I live in Arizona and want to find out if there is any food store that carries Heinz Hamburger Relish.  I grew up eating this relish but since moving from CT. I have not been able to locate this product.  Can you help me?


----------



## joseph (May 27, 2006)

Hi.......try meijer in Indianna or sysco or jewel


----------



## Michael in FtW (May 27, 2006)

This seems to have become a "lost condiment" that many of us grew up with ... and you are not the first to have been looking for it, here or elsewhere. Vanwingen asked basically the same question recently in the thread *Heinz Hamburger Relish- Is it still made?* 

Although the Heinz website still list it as a product ... apparently many people haven't seen it on their store shelves for some time - and have been looking for it. The folks at Hometown Favorites have it listed as a product that they have* confirmed* is no longer in production.

I must admit that I noticed it was no longer on the shelves 2-3 years ago ... don't know what made me _wax nostalgic_ and look for it after years of living without it ... probably about the time that I started looking for something another condiment gone the way of the dodo called "Brockles Sauce" (sp?) that I grew up with.


----------



## Constance (May 27, 2006)

You could make your own hamburger relish...here's a recipe:

http://www.recipesource.com/side-dishes/relishes/00/rec0093.html

And here's a place where you can buy a different brand:

http://www.shopping.com/xGS-Hamburger_Relish~NS-1~linkin_id-7000560~r-1~CLT-INTR

I hope this helps.


----------



## Shunka (May 27, 2006)

I have found it at the Safeways in northern AZ. Can't remember if I have seen it at a Frys or not. Where are you close to in AZ? I might be able to have a relative find it closer to you.


----------



## grumblebee (May 29, 2006)

Bicks brand makes a hamburger relish that tastes exactly like the now defunct Heinz version. I'm not sure if Bicks is available at grocery stores in the USA but you can order it online from either British or Canadian grocery stores. 

http://www.britsuperstore.com/acatalog/Bicks_Relish.html


----------



## BreezyCooking (May 29, 2006)

While I do remember Heinz Hamburger Relish, I switched over to plain Dill Relish without any problem & now don't even remember what their "Hamburger" relish tasted like.
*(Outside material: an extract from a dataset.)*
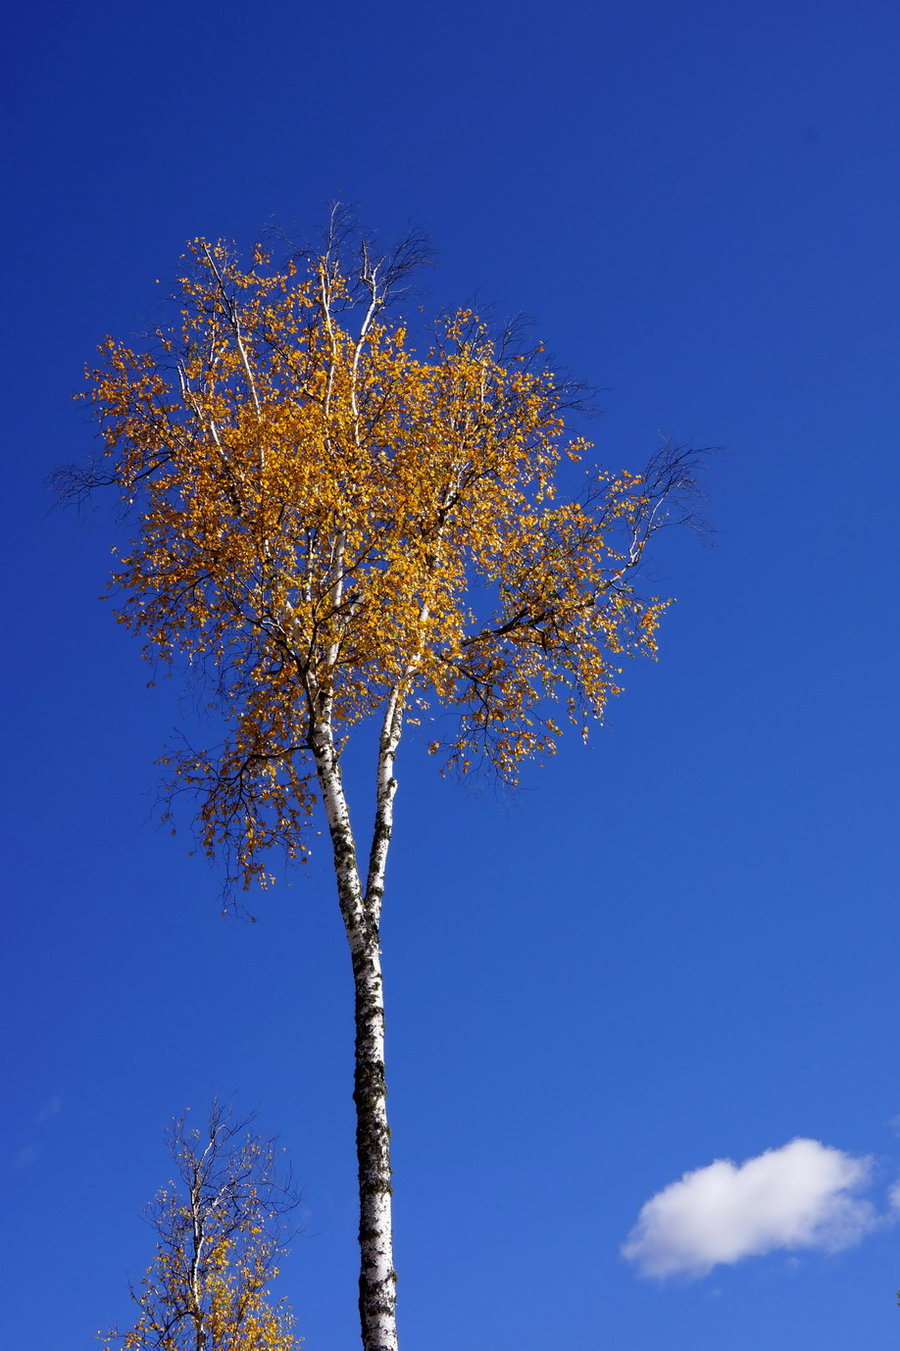 优雅的白桦树亭亭玉立,洁白的树干佩着迎风摇曳的金色叶子,美在眼里醉

Is it dilly?  Sweet?  Someone remind me.


----------



## grumblebee (May 29, 2006)

BreezyCooking said:
			
		

> While I do remember Heinz Hamburger Relish, I switched over to plain Dill Relish without any problem & now don't even remember what their "Hamburger" relish tasted like.
> 
> Is it dilly? Sweet? Someone remind me.


 
It's sort of like regular relish (green, sweet pickle relish) with ketchup/tomato mixed in. It's red in colour, not green, and very tasty.


----------